Лаитан отметила странное выражение лица властелина, словно он ещё был способен получать удовольствие от чего-то в этой жизни, кроме убийств и завоеваний. «Весьма человеческая черта», — подумала она. Морстен жевал спокойно, почти гипнотизируя остальных звуками пережёвывания пищи, равномерно раздававшимися от его персоны. Остальные молчали, уставившись на трапезу властелина и следя за ней так пристально, что любого иного эти взгляды вывели бы из себя через полминуты. Гравейн, однако и не думал подавать признаки раздражения, равномерно и тщательно пережевывая еду, раз за разом отправляя в рот новую порцию и иногда запивая ее глотком воды из дорожной фляжки.

Лаитан почему-то ждала, что он зачавкает, начнёт грести пищу руками и будет отирать руки о штаны. Тряпица в ладонях властелина ввела её в некоторый ступор, явно пошатнув сложившееся об этом человеке мнение.

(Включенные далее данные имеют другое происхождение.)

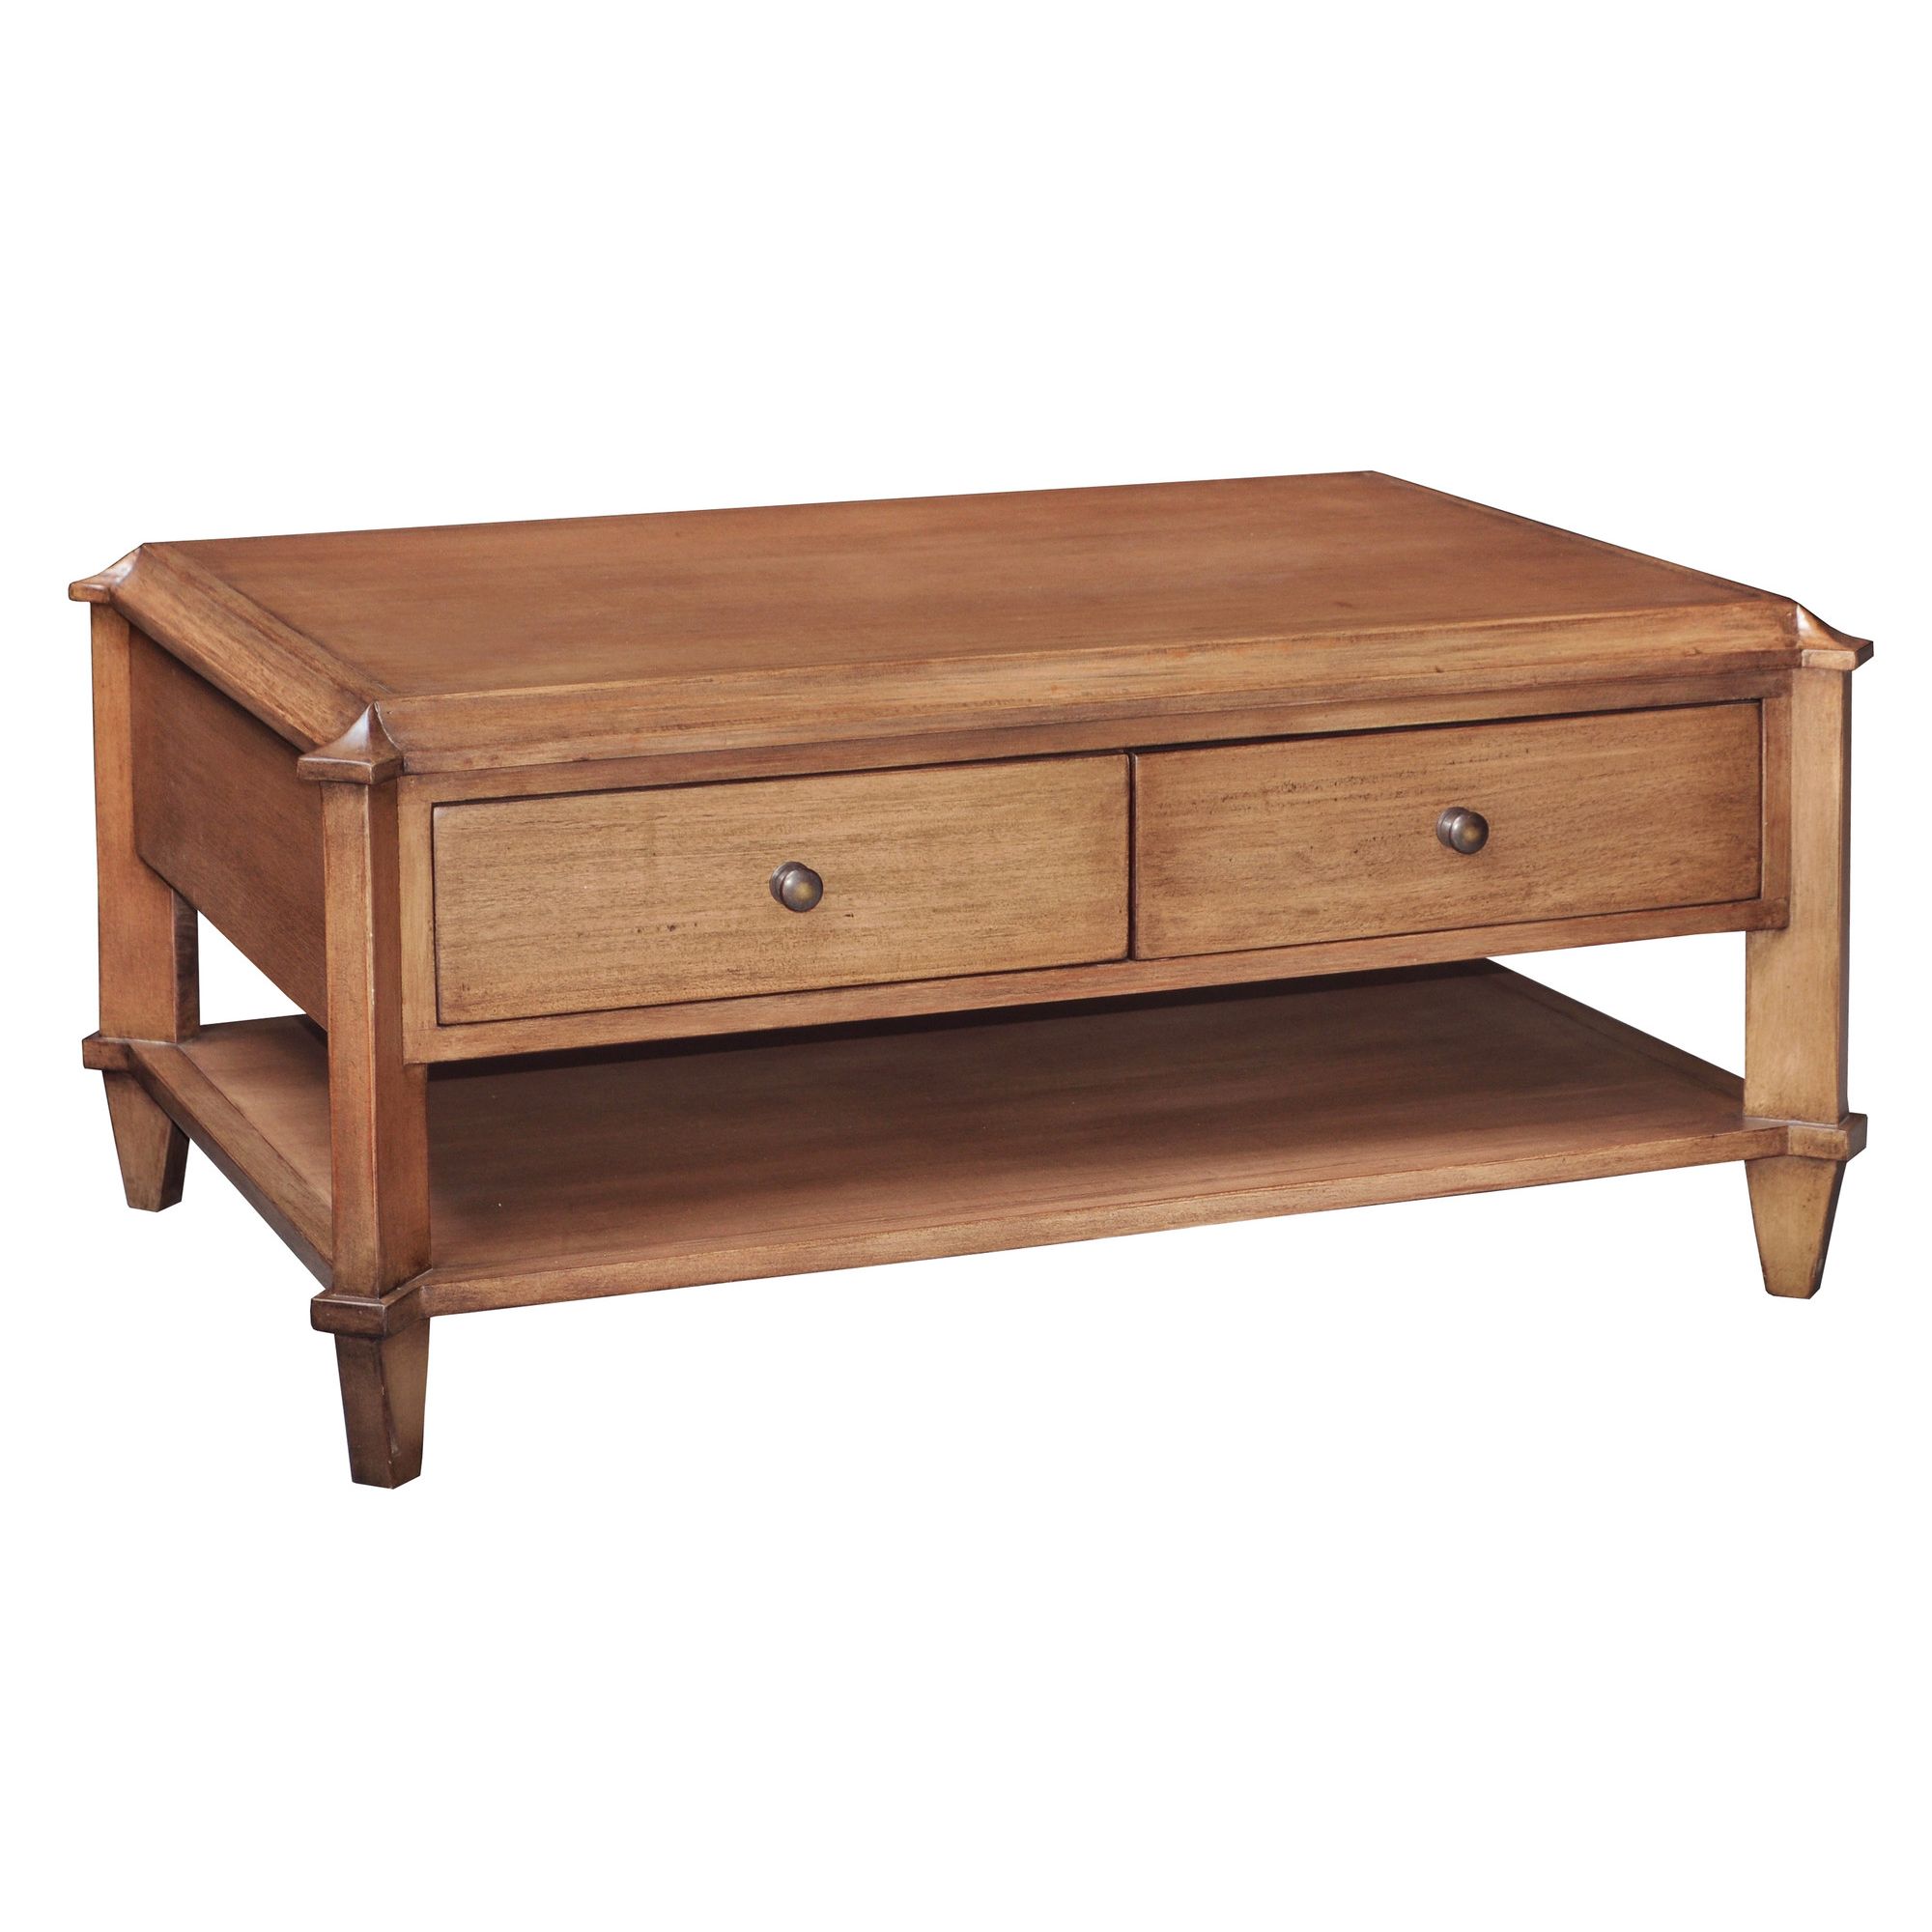 Lock stock and barrel Shell Knowle Coffee Table in Mahogany at Tesco Direct

— А я говорю, она должна была где-то начаться, — подал наконец голос дварф, снова упрямо сворачивая на предыдущую тему и настаивая на своем мнении. — Не может быть что-то без конца и без начала, на это способна только мать-скала.

Упрямство этой расы давно вошло в легенды мира, потому спорить с Гурруном никто не решался. Зато его неожиданно поддержал варвар:

— Может, ты и прав, — задумчиво потёр он подбородок, — все беды откуда-то берутся в начале. Пусть даже и этот кто-то может казаться изначально ни при чём, — он выразительно посмотрел на жующего властелина. Киоми поджала губы, проследив взгляд Ветриса. Дварф тоже призадумался, и смотрящих на Морстена стало на одного больше. Остальные жрицы и долинцы, постепенно присоединившиеся к молчаливому обвинению, уставились на него все вместе.

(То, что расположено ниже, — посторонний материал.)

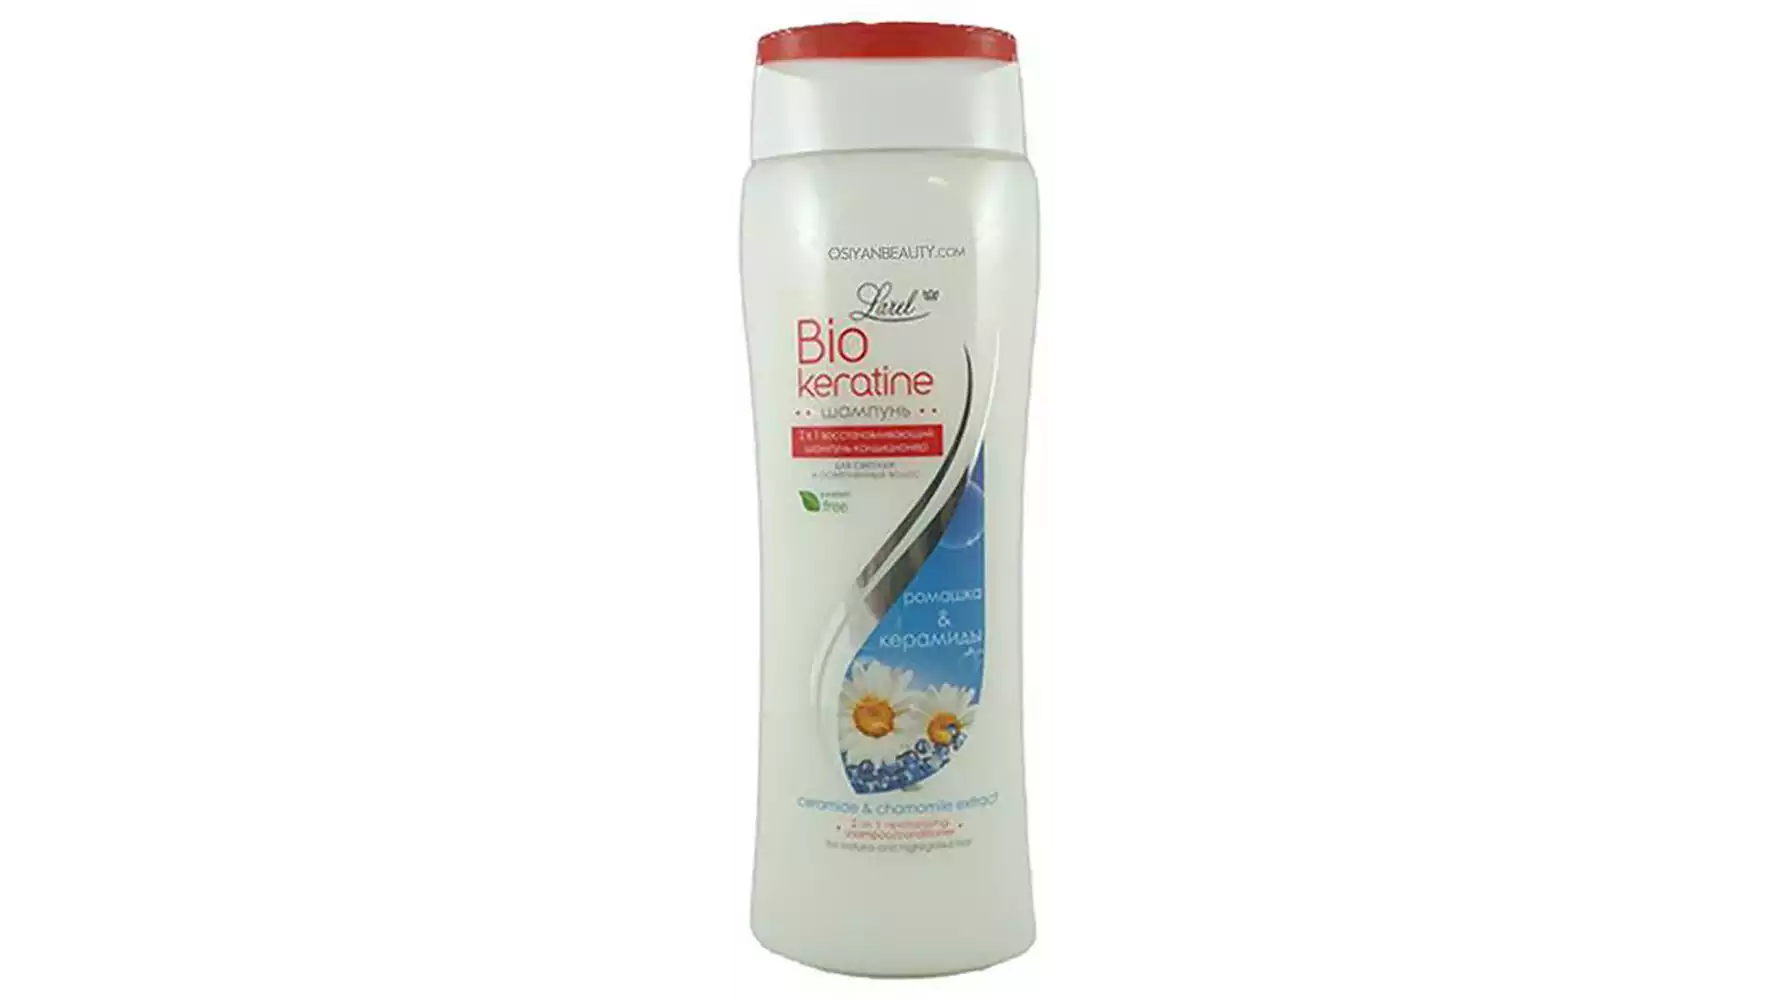 Larel Bio Keratine Shampoo+Conditioner 2In1With Ceramide And Chamomile Extract Hair(Made In Europe) (400ml)

— Не думаю, что он бы был причастен к такому, — поразмыслив, высказалась Лаитан. — Зачем тогда было бы помогать? Идти с нами? Рисковать?

— Это чем же он интересно таким рисковал? — проворчала её служанка, пытаясь испепелить взглядом Морстена. Впрочем, с тем же успехом она могла бы попытаться расплавить ледник дыханием.

— Он был ранен, — кивнула Лаитан, от чего тонкие браслеты на её запястьях мелодично звякнули.

— Не смертельно, — фыркнула Киоми. — Да и неужели ты, мать матерей, Мастер Мастеров, Медноликая Лаитан, действительно думаешь, что властелина самого Замка можно убить ядом или стрелой?

Лаитан не ответила. Она видела Морстена на поле боя, видела его после, видела шамана и все это не вязалось с тем, что он пытался смотреться совершенно неубиваемым.

— Чума поражает даже Мастеров, Киоми, — напомнила ей в ответ Лаитан, — хотя они устойчивы ко всем известным хворям. Даже к наведённым.

— Вотименно! — подпрыгнула Киоми на месте, от чего ее тугие черные косы хлестнули по плечам сидящего рядом Ветриса. — А его слуги, как и он, пока не несли потерь!